The centerpiece of the album is the nearly 10 minute "Analogy" – the track from which the band took their name. It begins as a subtle atmospheric piece with just Pankoff's organ, but gradually fades in to become a full on rocker, bringing to mind The Who a bit. Of the core album's 7 tracks, this is the one that is, perhaps, the most proggy in nature, though it gets there by way of psychedelia. The watery organ work recalls Ray Manzarek's in tone a bit, as on The Doors' "Riders On The Storm." The Doors played extended, arty, pieces like this. In another passage, Thurn's initially delicate guitar lines recall Pink Floyd ("Us And Them" came to mind), before a sweet, but high-toned guitar takes the lead voice, playing in sad, melancholy notes.
They follow this up with the upbeat, energetic "The Year's At The Spring," which made think of something from the early days of Jefferson Airplane, though Neinhaus doesn't sound like Grace Slick exactly, I could easily see Slick singing this way stylistically. Again, it is a showcase for Thurn, Schoene and Pankoff, but mostly Thurn, as he plays a brassy toned solo, leaned into a distinctively Hammond organ solo from Pankoff. Haven't mentioned drummer Nienhaus much, but his performance is solid throughout, keeping everything moving along. Nienhaus's story has a tragic ending, as he committed suicide in 1984 while he was in the end stages of his fight against AIDS.

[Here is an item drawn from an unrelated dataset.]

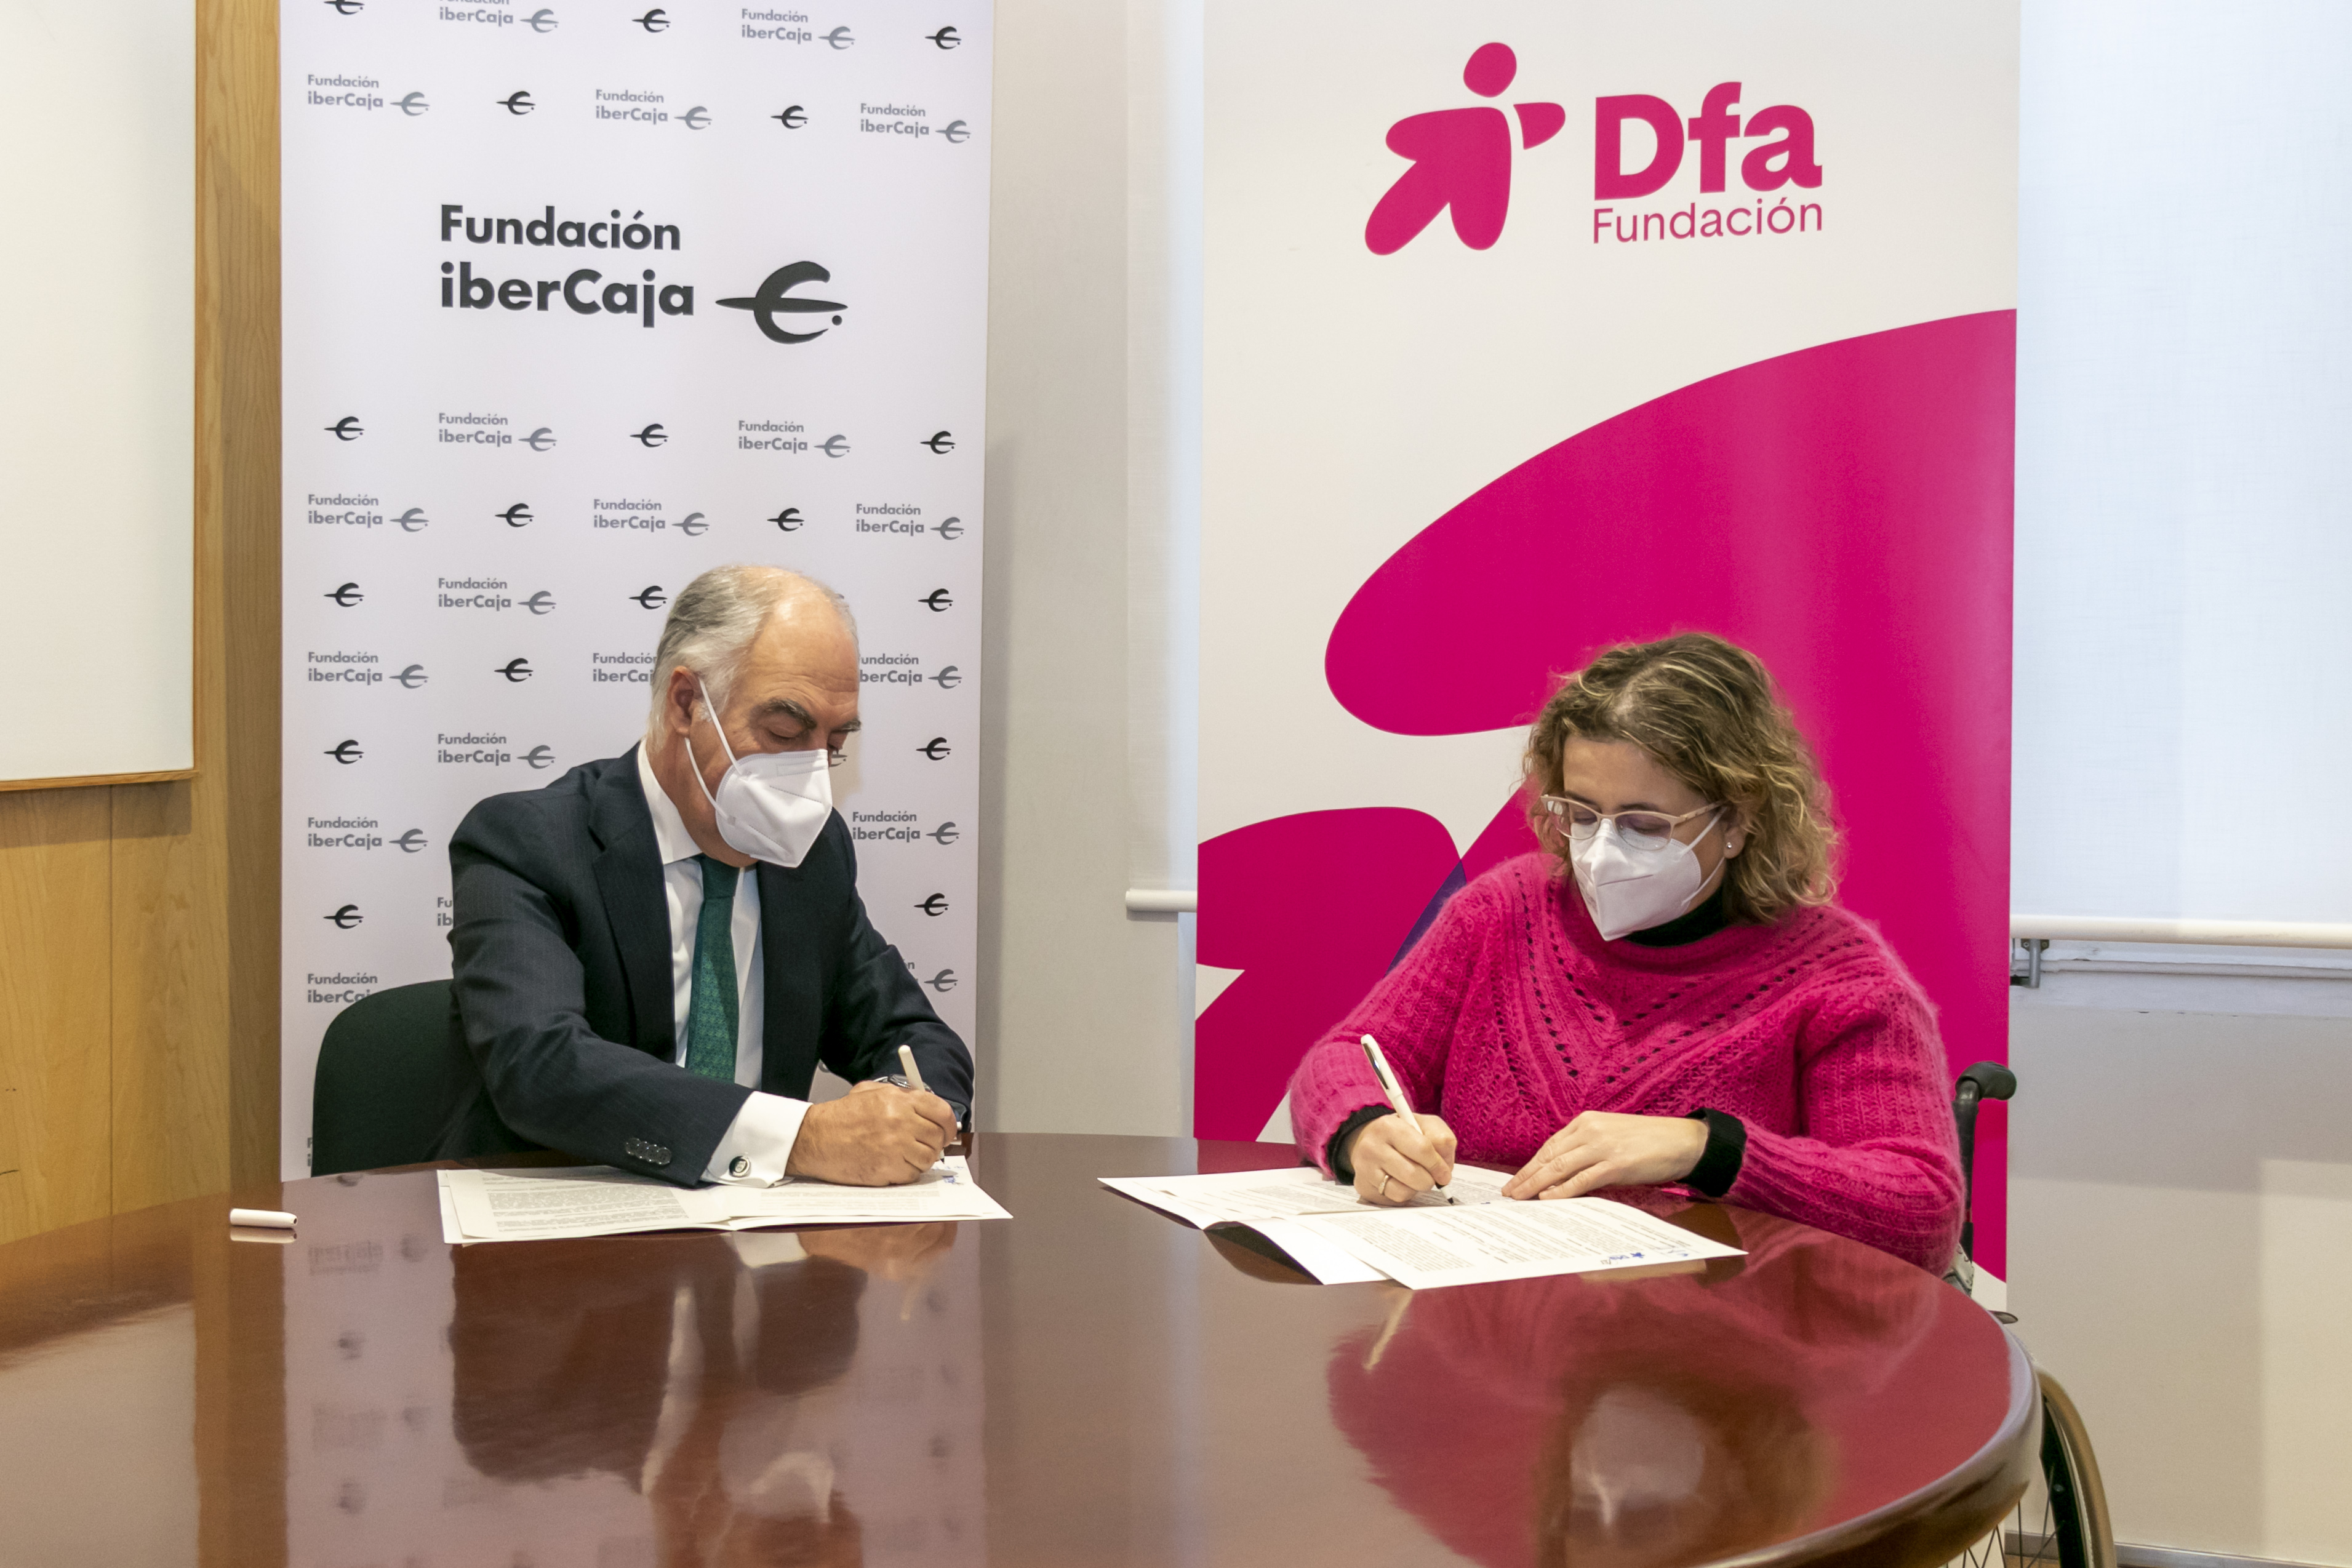 La presidenta de Fundación Dfa y el presidente de Fundación Ibercaja firman su convenio de colaboración en una mesa

The other thought that came to me as I was listening to Analogy was anachronistic as I thought of The Red Masque during the dark, gloomy, and some times funereal, "Dark Reflections" as well during the equally dark and gloomy "Pan-Am Flight 249" -- whether this song is in response to some specific incident around the time, I don't know. I did "Google" it, but found only references to the track in the tracklisting of various reviews of this album. This comparison was not just in the vocals of Jutta Neinhaus, which are richly ethereal and lilting, but rather in the whole vibe of each piece.
Another of the album's highlights is "Weeping May Endure" which, aside from some brief lilting vocals from Nienhaus, is an instrumental with Thurn's guitars leading the way. Here, too, Pankoff's organ gets a moment in the spotlight.
Once you "get past" finding some of vocals "flower child" like -- but pleasant to the ear -- and so very much of the 70s, you realize that the band combined all their respective talents to create a solidly good album. Produced by Aldo Pagani, who permitted the band only two recording days (all he was willing to invest), the album seems far from hurried or rushed. It's easy to see why this gem in it's original vinyl version is a sought-after item, potentially fetching US$1500.